Work required — Would you please repeat, word for word, only the lines from the one holding "Il Perù, Amazzonia" through the one holding "La Nouvelle Revue Française N' 65 (Mai 1914)" in the material below, without the pictures?

Input data —
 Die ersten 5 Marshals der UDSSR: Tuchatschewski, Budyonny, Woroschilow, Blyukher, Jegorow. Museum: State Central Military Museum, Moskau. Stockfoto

* * *

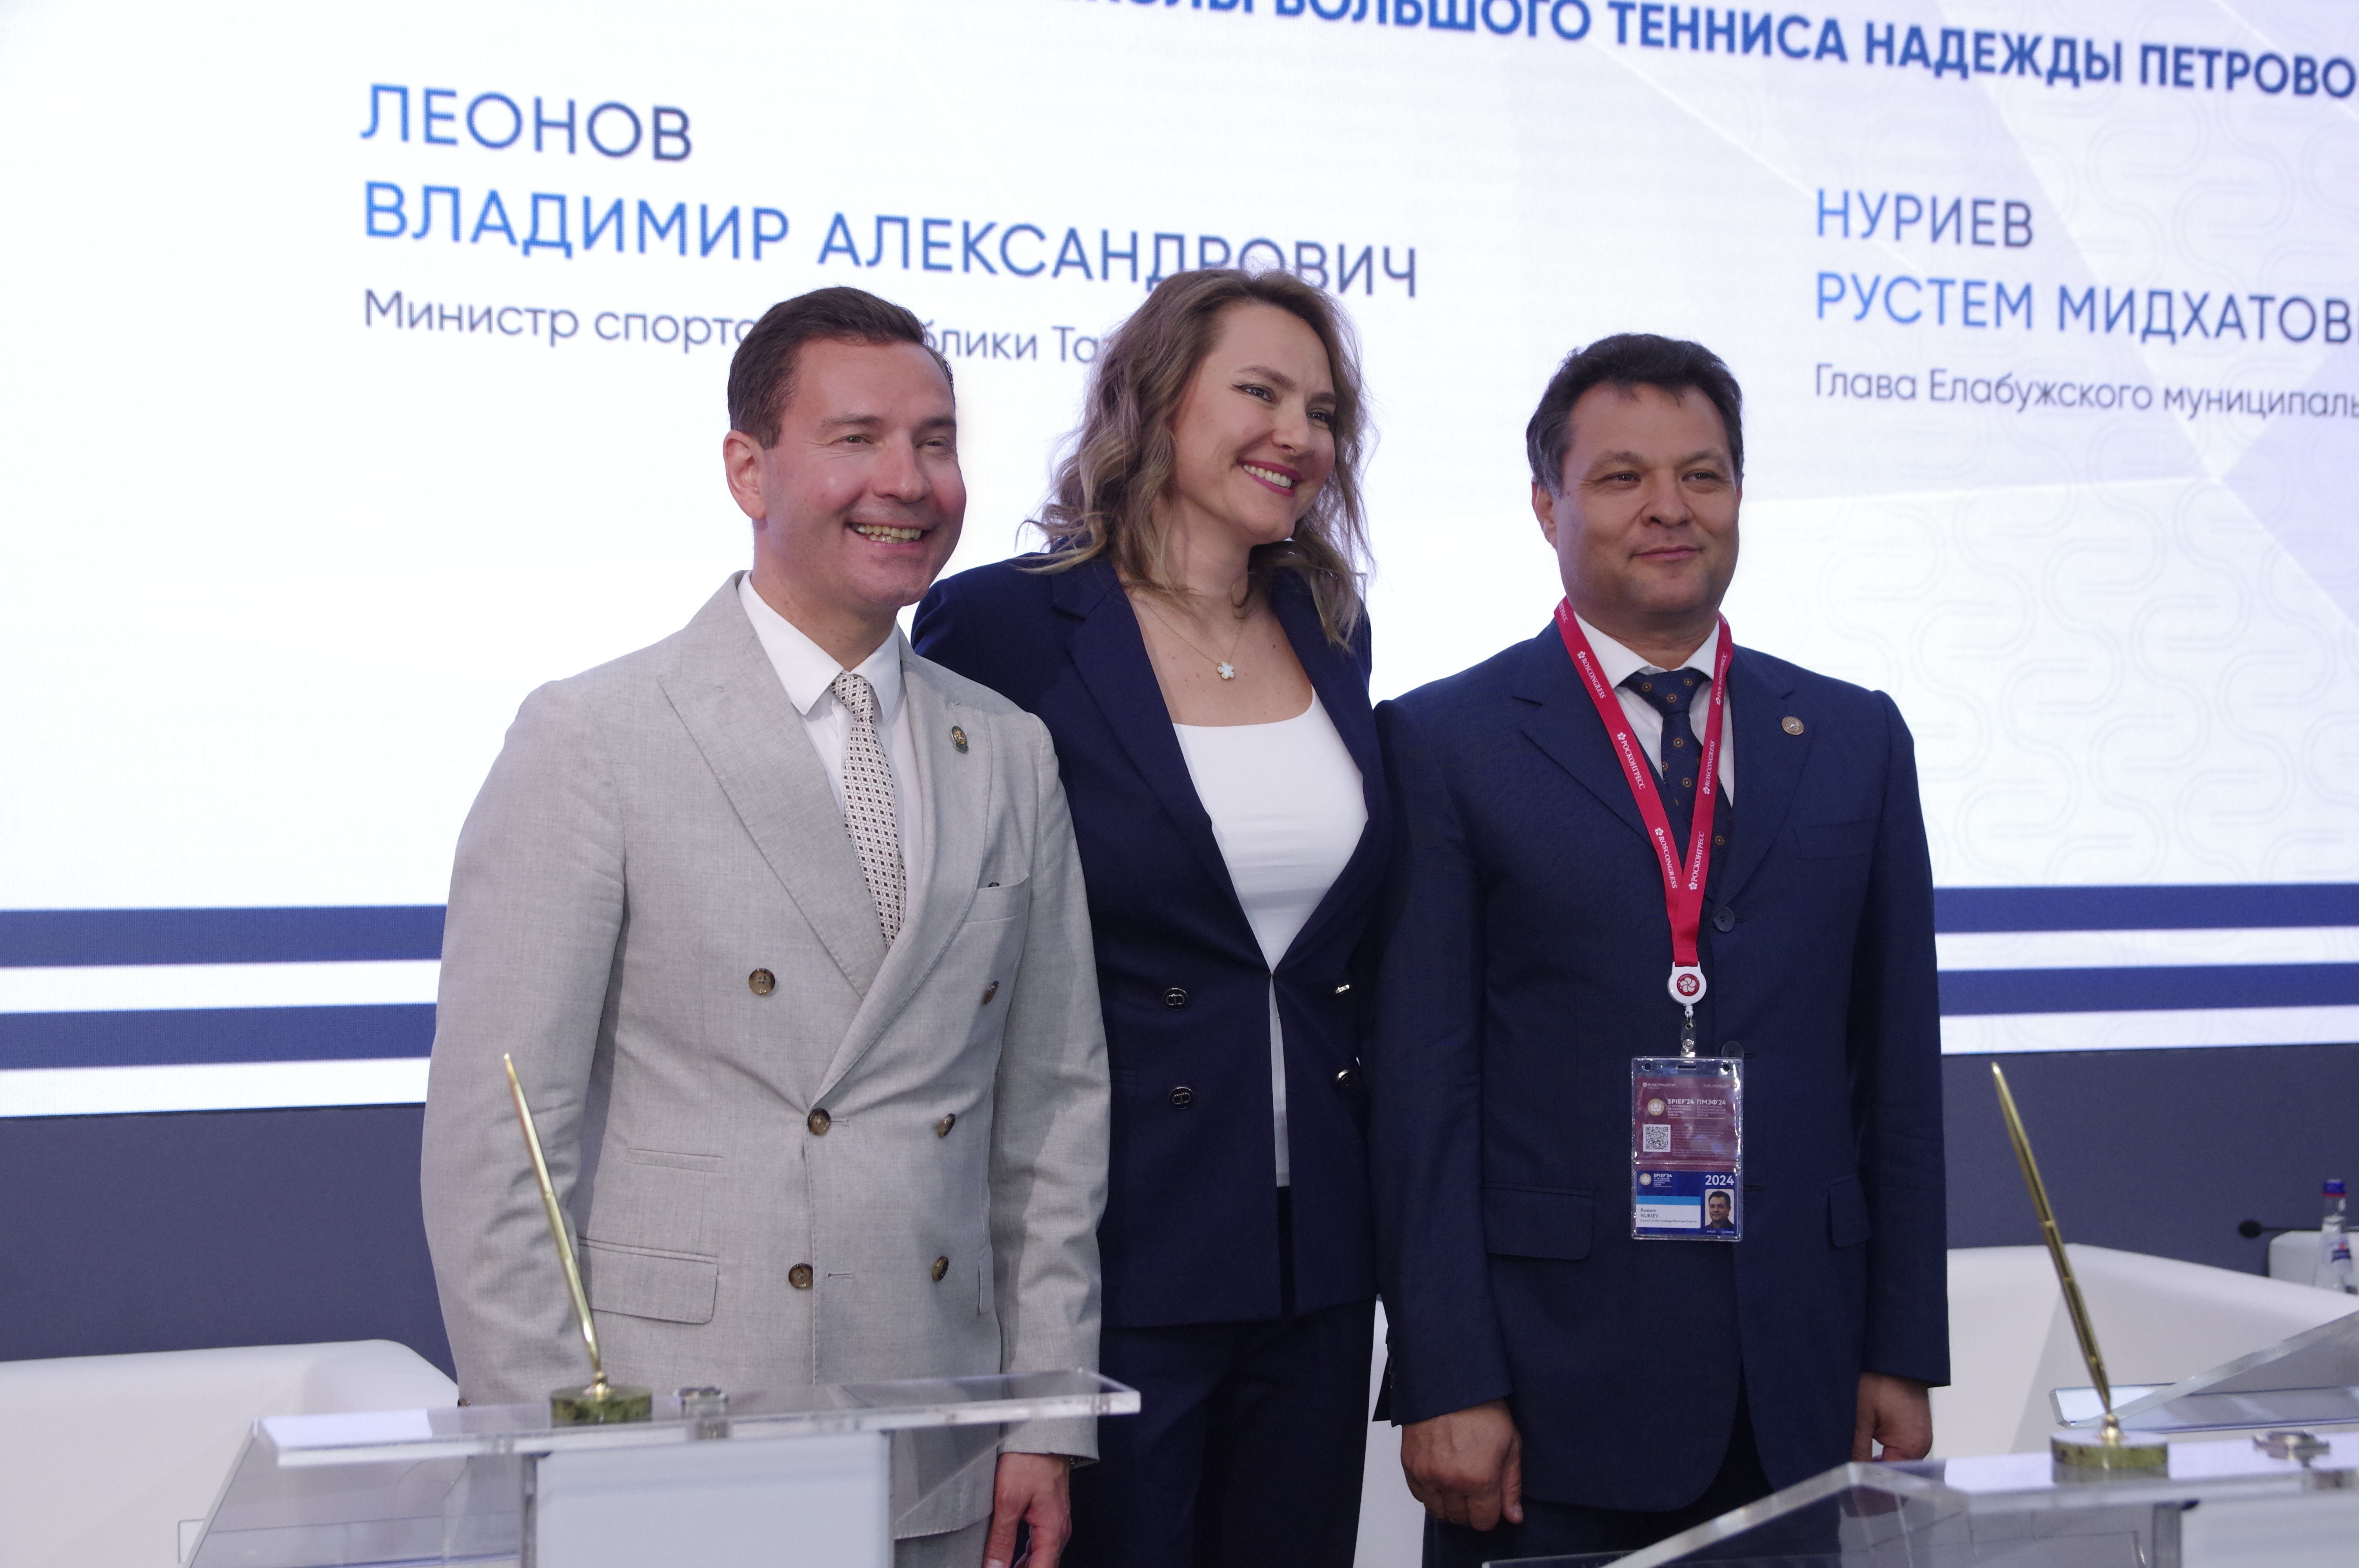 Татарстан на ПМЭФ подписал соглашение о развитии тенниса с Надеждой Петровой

==

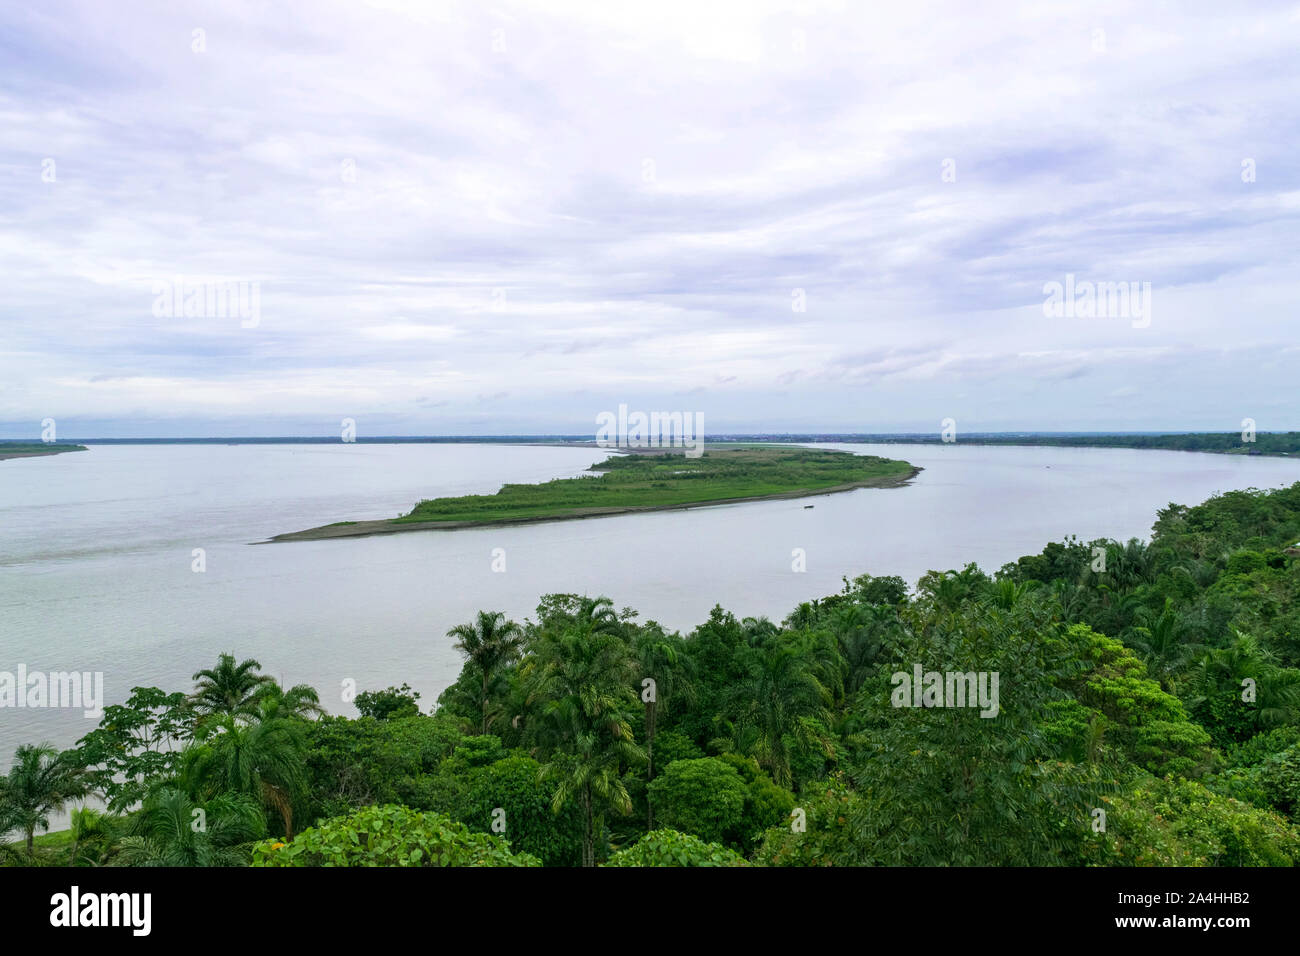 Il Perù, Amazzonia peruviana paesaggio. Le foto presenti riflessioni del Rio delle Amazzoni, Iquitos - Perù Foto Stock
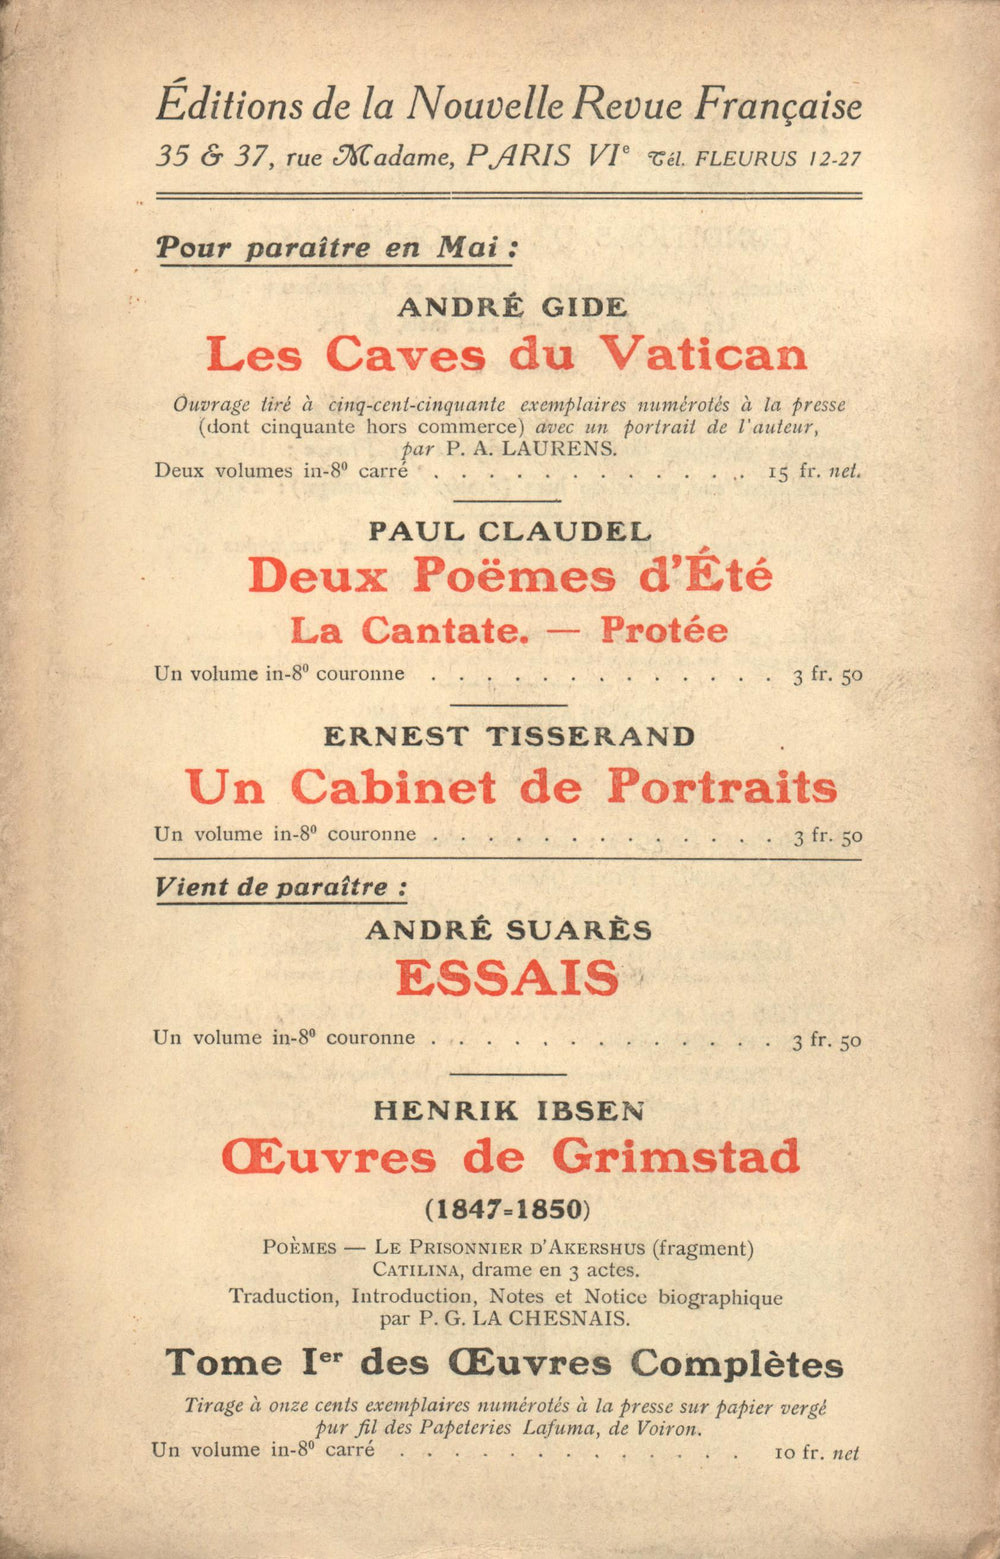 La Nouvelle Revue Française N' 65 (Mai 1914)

Reply —
 Il Perù, Amazzonia peruviana paesaggio. Le foto presenti riflessioni del Rio delle Amazzoni, Iquitos - Perù Foto Stock
 La Nouvelle Revue Française N' 65 (Mai 1914)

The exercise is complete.